Recently a friend of mine gave birth to her first child. The atmosphere was pure joy, a real celebration! There were balloons outside the hospital room and a myriad of gifts inside. The happy new parents were nearly overwhelmed by the number of food-bearing visitors who came to celebrate the birth of the baby. In Ezekiel we find an obscure passage about the birth of a child. But at this child's birth there was no celebration, no balloons, no visitors and no gifts. In fact, the parents of this child hated it. Before the baby was washed with water, wrapped in a blanket or even had its cord removed, it's mother despised it and throw the child into a ditch. Abandoned and left to die. The story doesn't end there however; we find the Lord Himself coming to this wretched child. We pick up the narrative in chapter 16, verse six, “‘And when I passed by you and saw you wallowing in your blood, I said to you in your blood, 'Live!' I said to you in your blood, ‘Live!’"
Dear reader, you and I are that wretched and disposed child.
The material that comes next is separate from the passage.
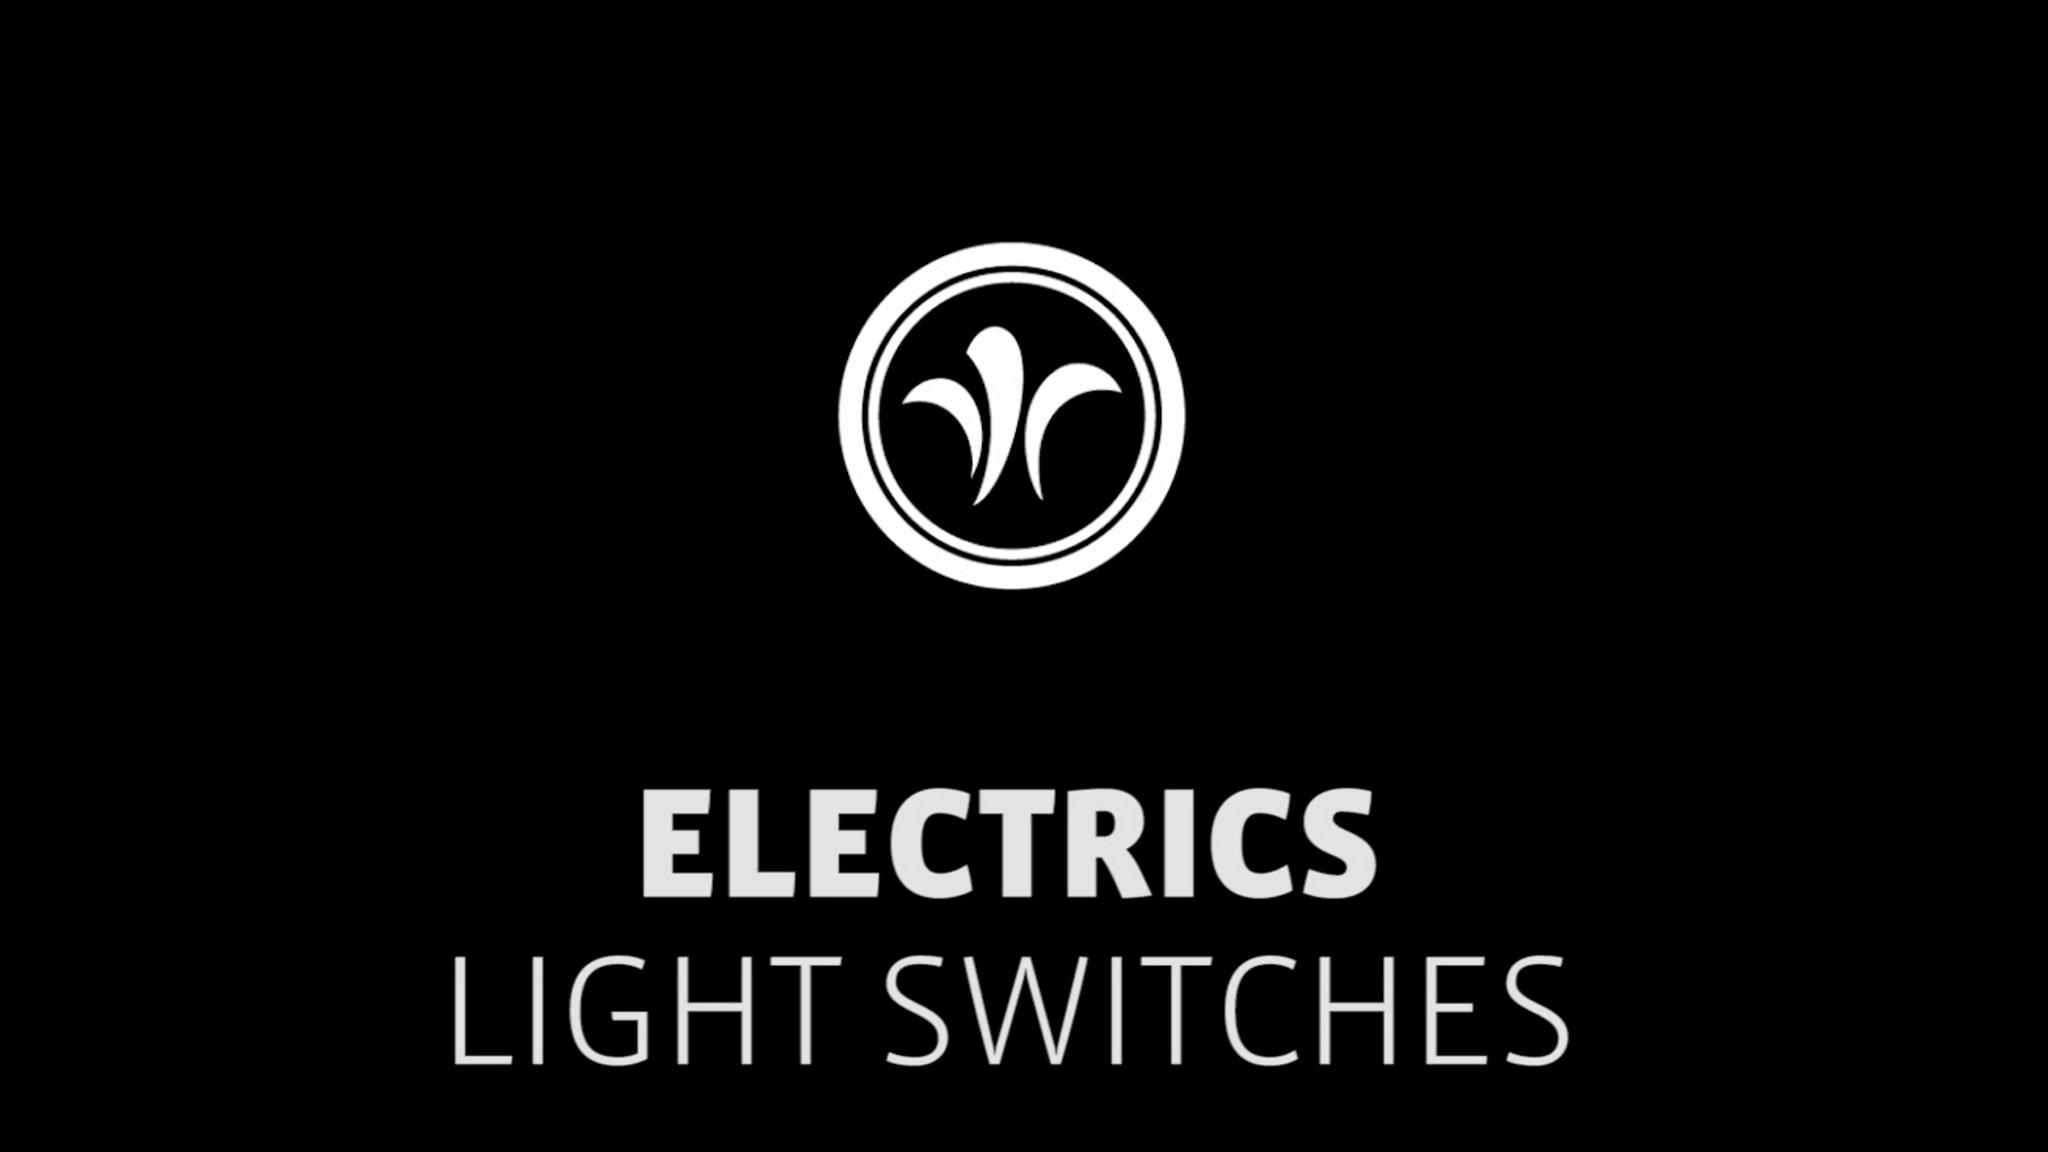 motorhome lightswitch // niesmann+bischoff - camper (model ARTO) // 2019 // EL2

Even the best of us, the most successful of us, know the state we were in before our rescue; lost with no hope, grouping in darkness, sick without a salve to comfort our open sores. But at some point in time, while we were dead in our trespasses and sins, while our blood was still unwashed, our cord still uncut, while we were unloved and cast off, Christ found us by the road and said, “Live! You shall not die!”
If you are in Christ, than you are, even now, an object of God’s favor and pleasure. Though you were wretched, dirty and lost, He has gently loved you and cared for you, bringing you into a position of honor and nobility. The King of kings has become your Father and has tenderly washed, wrapped and healed you.
“Fatherlike He tends and spares us;
Well our feeble frame He knows.
In His hands He gently bears us,
Rescues us from all our foes.”
Father, I stand amazed at this reality; that I am able to know you as Father, and be known by you as your son. Such a privilege is too wonderful for me to take in - You, the King of Glory, have looked upon me and loved me.